3. Let your child be angry

Linda Pearson, R.N., author of “The Discipline Miracle,” advises that sometimes, a young person must express their anger, so it’s okay to let them do so.. (Just be mindful of anything around that can endanger them or others.)

“I support this strategy since it teaches kids how to express themselves constructively. They can express their emotions, gather themselves, and restore composure without participating in a screaming match or a struggle of wills with you.

Hold on tight: Be a source of comfort and reassurance. The goal is to allow your child to experience their emotions in a supportive, safe environment, not to disregard them and distance yourself from them.

4. Pick your battles

Giving in a little bit might sometimes be a wise move. Simply keep an eye on the balance. According to Dr. Rubinowitz, if you employ this tactic too frequently, you risk encouraging tantrums and setting yourself up for failure.

However, there are situations when giving up a little bit is acceptable. In contrast to the short-term effectiveness of threats like “I’ll give you ice cream if you stop crying!” you can agree to your child’s request to listen to a particular song again in return for a peaceful car ride.

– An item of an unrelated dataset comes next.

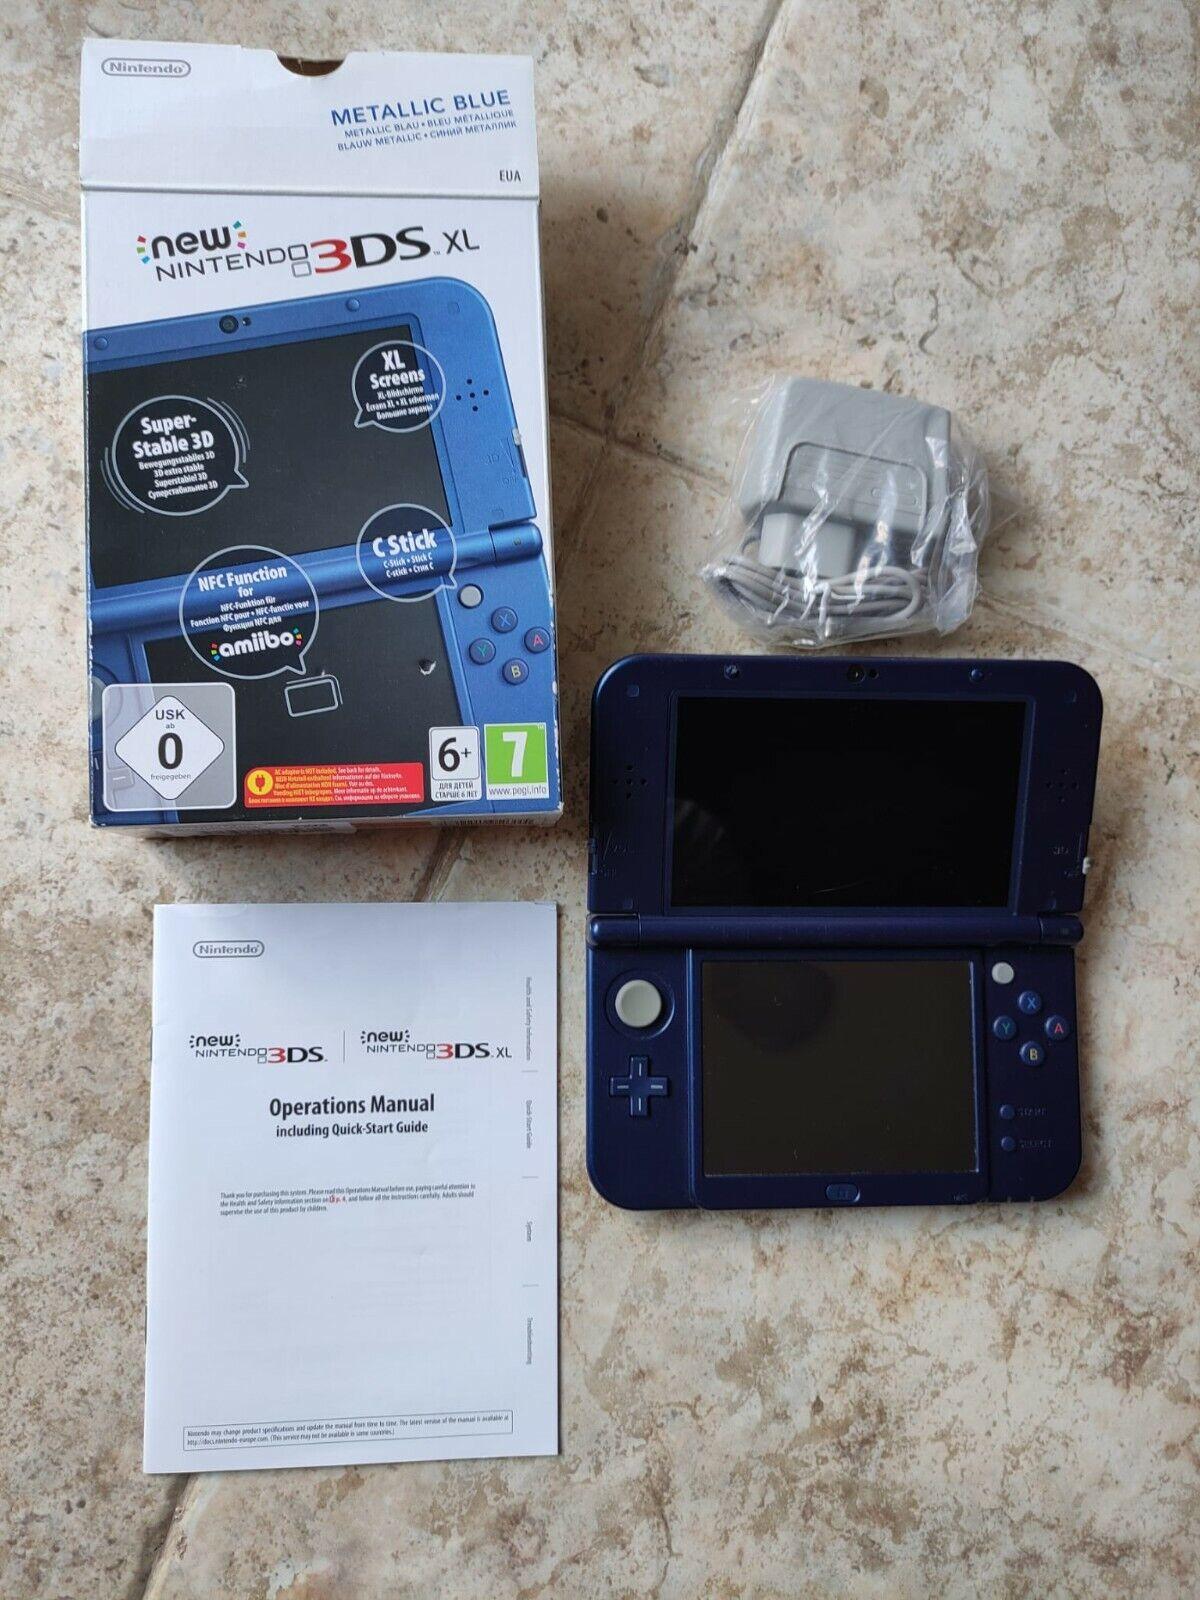 Nintendo New 3DS XL azul metalico con caja, ( Con cargador incluido...

5. Use brief specific commands

Short, direct, and to-the-point orders may frequently prevent tantrums. Better, even if they are more precise (“Don’t hit the dog”), give your kid a specific activity to perform if they are trapped in a bad mood. “Let’s colour” is far more specific than general requests like “Be good.” A change of scenery (“Time to water the flowers!”) might also be helpful.

6. Distract them

Dr. Levy suggests using a child’s short attention span to your advantage. If they’re on the verge of a tantrum over not buying sugary cereal, cheerfully divert their focus with something like, “How about we pick an ice cream flavour?” or “Look at those lobsters in the tank!” or “Oh, look at the tank of lobsters over there!”

7. Hug them

Dr Levy recommends doing something you might resist during your child’s tantrum: it can significantly aid in their calming down. I’m not talking about a hug that’s super-cuddly, but rather one that’s big and strong. Keep quiet while you do it to avoid engaging in another pointless struggle of wills. Even if you disagree with a child’s conduct, a hug may help them feel comfortable and show them that you care.

8. Help undo frustration

Your young child is sobbing and wailing because they cannot put on their shoes. Instead, assist them in completing that work so they can feel successful. Recognize their urge to do something risky, such as climbing a ladder, but reiterate your rule: “I know you want to climb up high, but that’s not allowed.” If at all feasible, consider a different phrase: “You can climb the slide ladder at the park.”

9. Switch locations

Pick up your child and quietly transport them to a safe location if they act out publicly. Take them somewhere where they can let off steam, like your car or a quieter place. Once you arrive, calmly soothe your child while being gentle. A young child can sometimes be calmed down by simply being touched or stroked.

10. Enlist their “help.”

Make sure your youngster has eaten and had a good night’s sleep before you take them food shopping. Ask children to choose items to buy at the shop after bringing an engaging toy or book in the car. According to Alan Greene, M.D., a father of four and an adjunct clinical professor of paediatrics at Stanford University School of Medicine, you might even carry paper and a pen with you to jot down the suggestions they make. Read back some of their more wholesome food selections towards the journey’s conclusion and let them take one or two items. Making a list will keep them busy, let them feel included, and assure them of a prize.

The Bottom Line

Dealing with your toddler’s tantrums can be challenging, but it’s essential to remember that these outbursts are just as challenging for your child. Your toddler is frequently trying to navigate their emotions and may not have a better way of expressing their distress. So, rather than viewing tantrums as a behaviour problem, look at them as learning opportunities and times when your child needs extra support.